Swift's sixth novel, Last Orders (1996), which won the Booker Prize for
Fiction and the James Tait Black Memorial Prize (for fiction), recounts a
journey begun in a pub in London's East End by four friends intent on
fulfilling a promise to scatter the ashes of their dead drinking-partner in the
sea.
Graham Swift's novels are all ambitious in their own ways in their thematic
and narrative scope. Swift tackles ideas of narrative, history, conflicts
between the generations, the place of an individual in the larger scale of
events. His novels are frequently organised around an underlying mystery,
and his oblique and non-linear narrative technique lends itself to a gradual
revelation of events in a manner reminiscent at times of the nineteenth
century detective novel.
Swift questions the nature of narrative through questioning the reality of
history, a theme that is central to Shuttlecock (1981), Waterland (1983), Out
of This World (1988), and Ever After (1992).

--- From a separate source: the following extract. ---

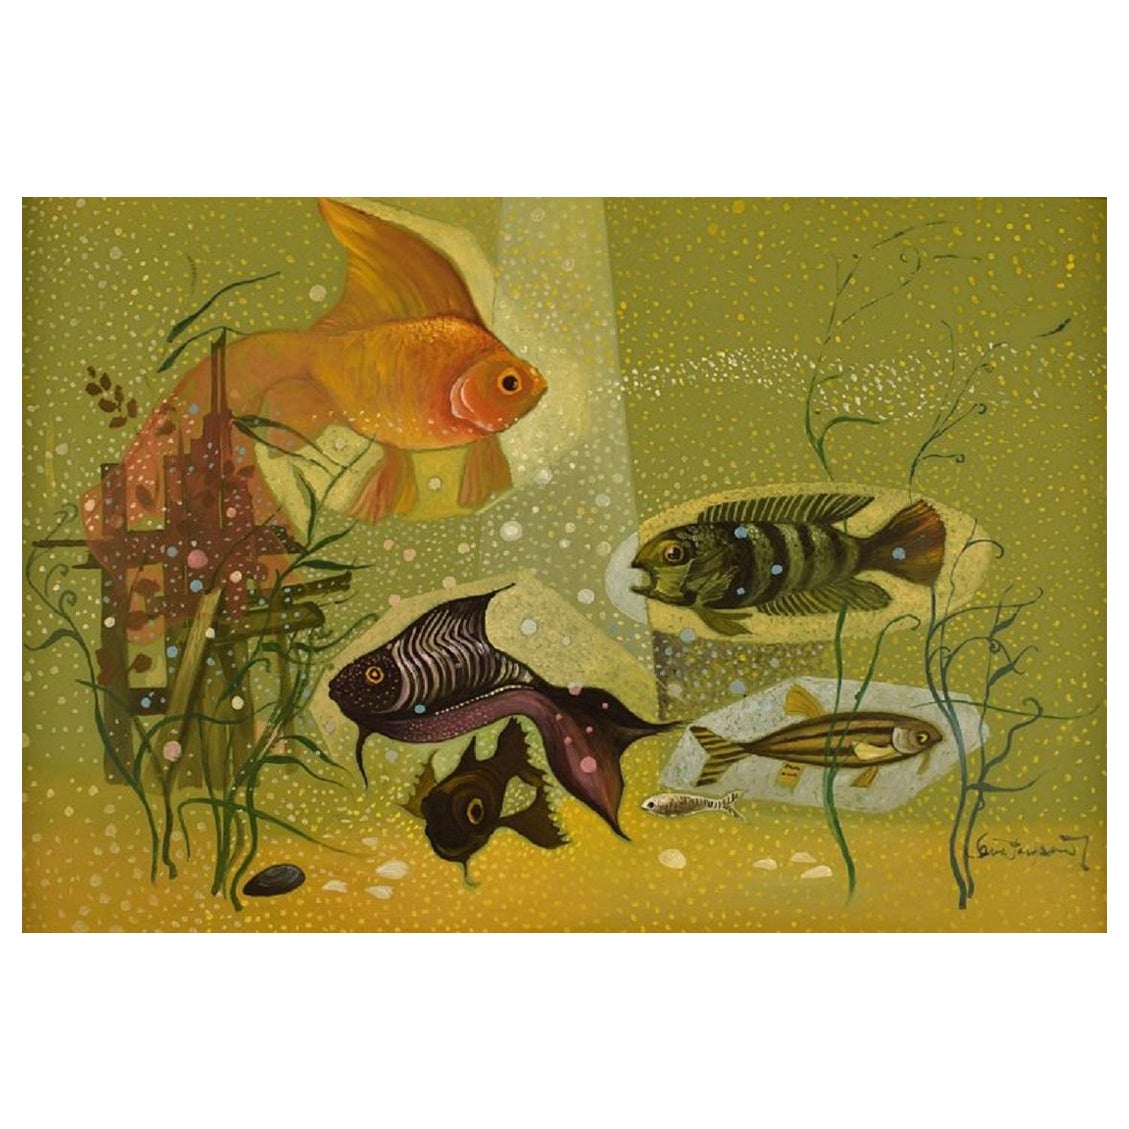 Ove Persson, Swedish Artist, Oil on Board, "Aquarium" For Sale

In all these novels Swift
considers the nature of the relationship between personal and public
histories, between self-created and orderly narratives and the disorderly
nature of actuality.
History as narrative is for Swift primarily a personal rather than a factual
reality, a fact reflected in his use of a predominantly first person narration in
what is almost a stream of consciousness manner. Story telling is central to
Waterland, as Crick debates the very nature of history and the relationship
between past and present. The novel is essentially a dramatic monologue.
Graham Swift's novels deal with the extraordinary in the ordinary. In their
settings, language and characterisations Swift's novels are sparse and
consciously drab. His protagonists are often ordinary men, middle-aged
clerks or teachers or accountants. In their voices Swift ponders some of the
bigger issues of life - death, birth, marriage and sex - as well as the
everyday politics of relationships and friendships. His intricate narrative
patterns raise questions about the relationship between personal histories
and world events, between personal and public perceptions. He highlights
the impossibility of creating a single objective reality, fictional or otherwise,
and through fiction investigates the very nature of fiction.